■ TRY IT: Look in the data below for the line that has "Pokemon Moon - Bonus Lunala Figure 3DS", then print exactly every line from there through the line that has "fruktilurer-frukt-bar-storpack-96404-3", leaving pictures out.

■ DATASET ENTRIES:
-------------------------

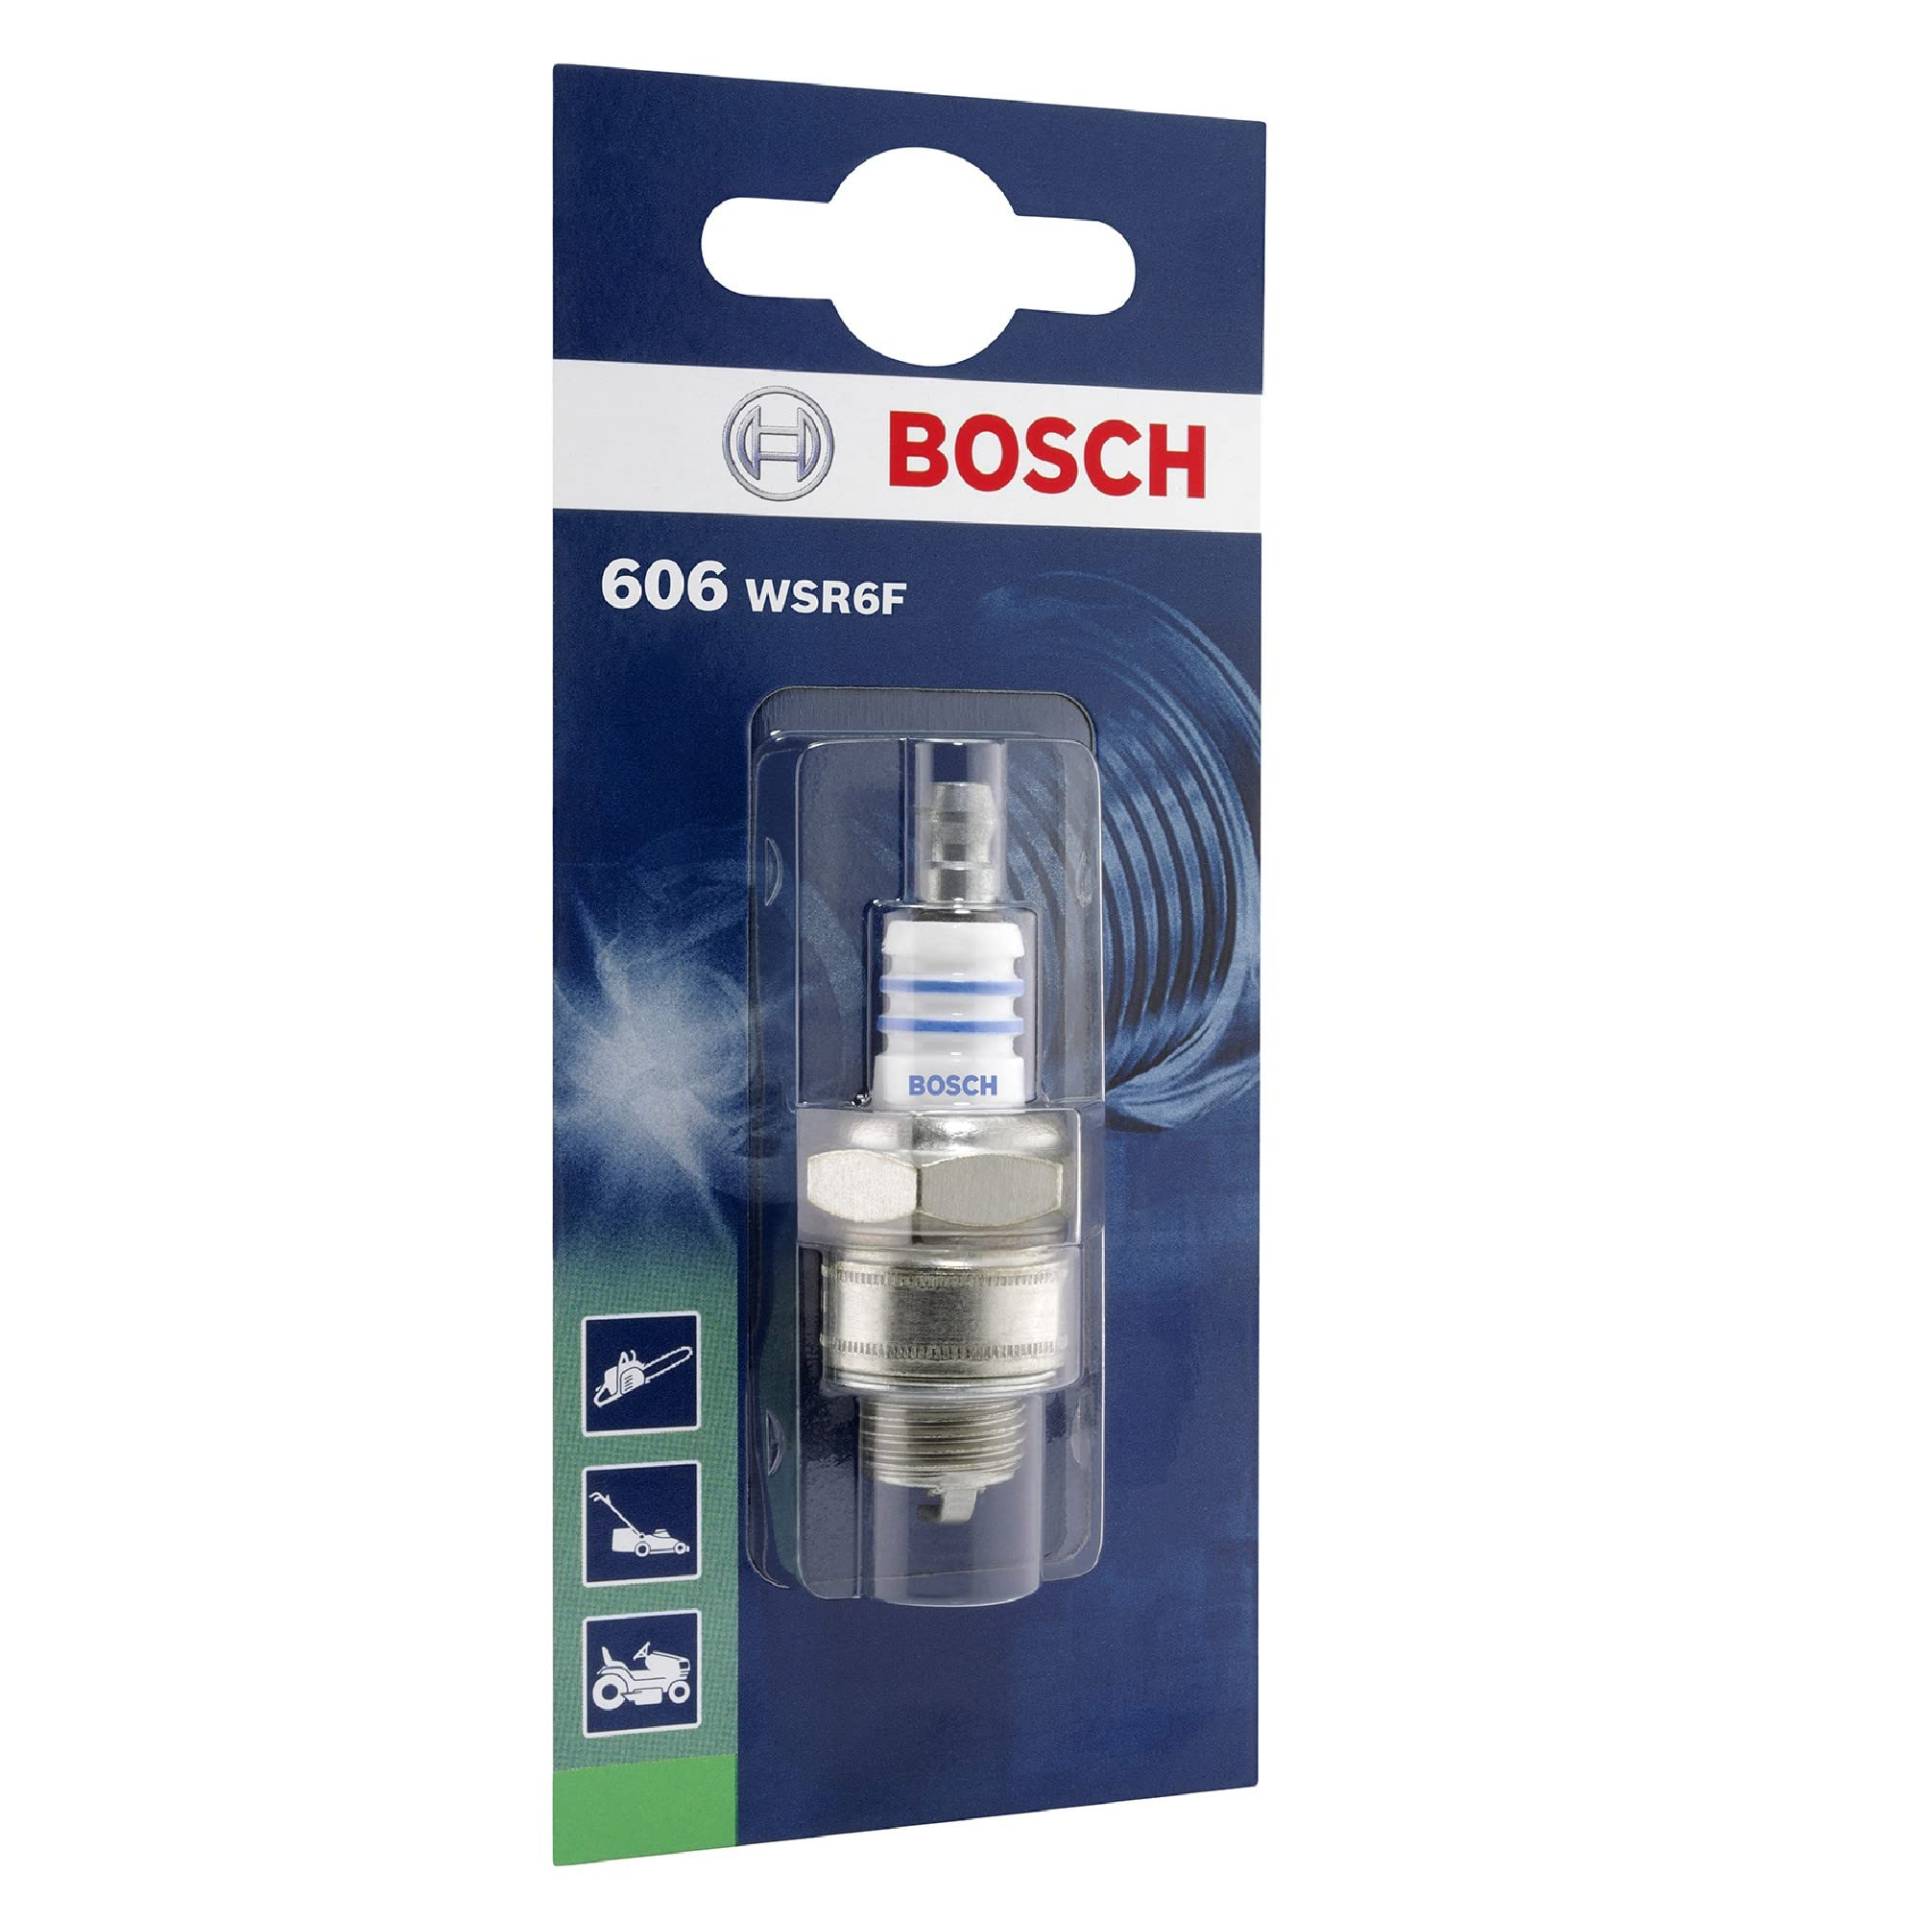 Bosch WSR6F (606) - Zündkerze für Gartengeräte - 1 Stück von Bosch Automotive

-------------------------

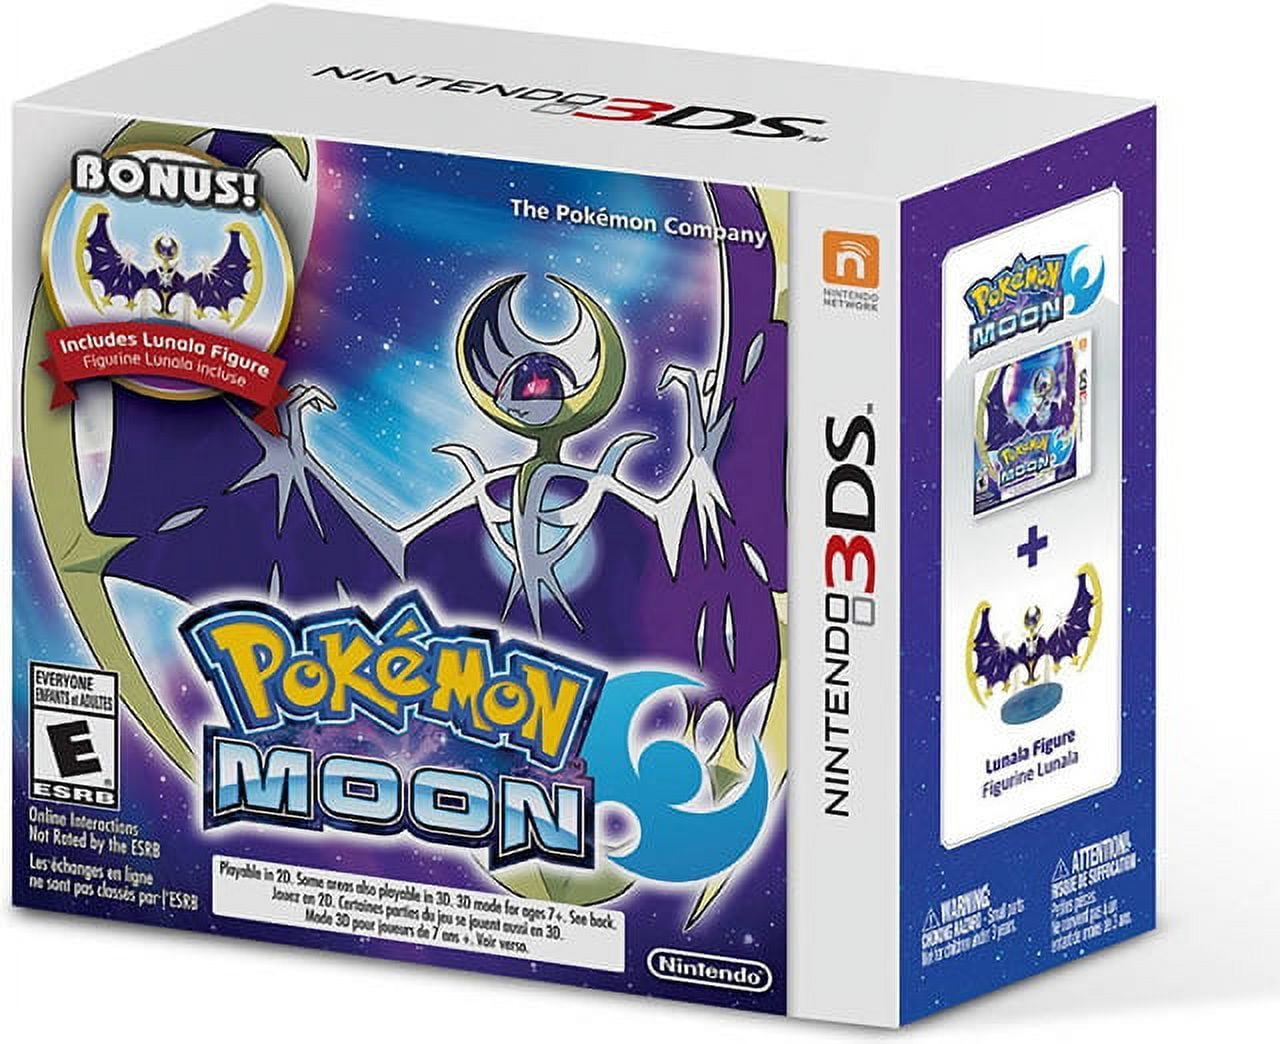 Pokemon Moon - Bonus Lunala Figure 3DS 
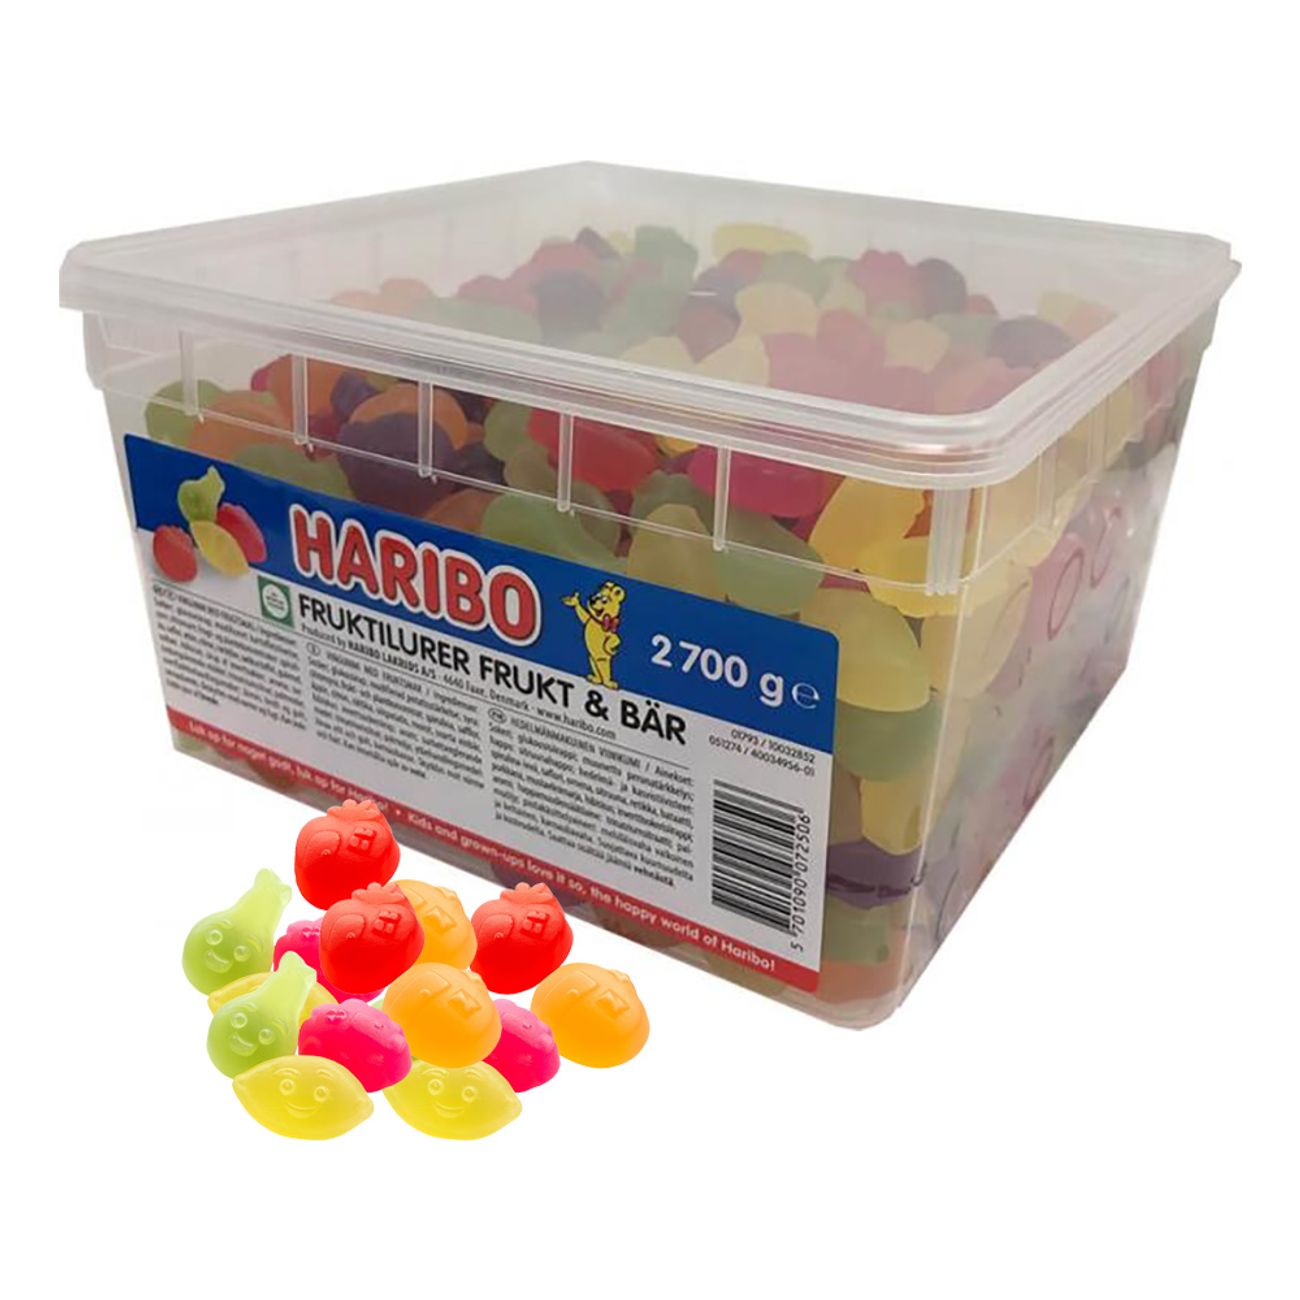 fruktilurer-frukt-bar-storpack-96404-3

-------------------------

■ ANSWER SPACE:
 Pokemon Moon - Bonus Lunala Figure 3DS 
 fruktilurer-frukt-bar-storpack-96404-3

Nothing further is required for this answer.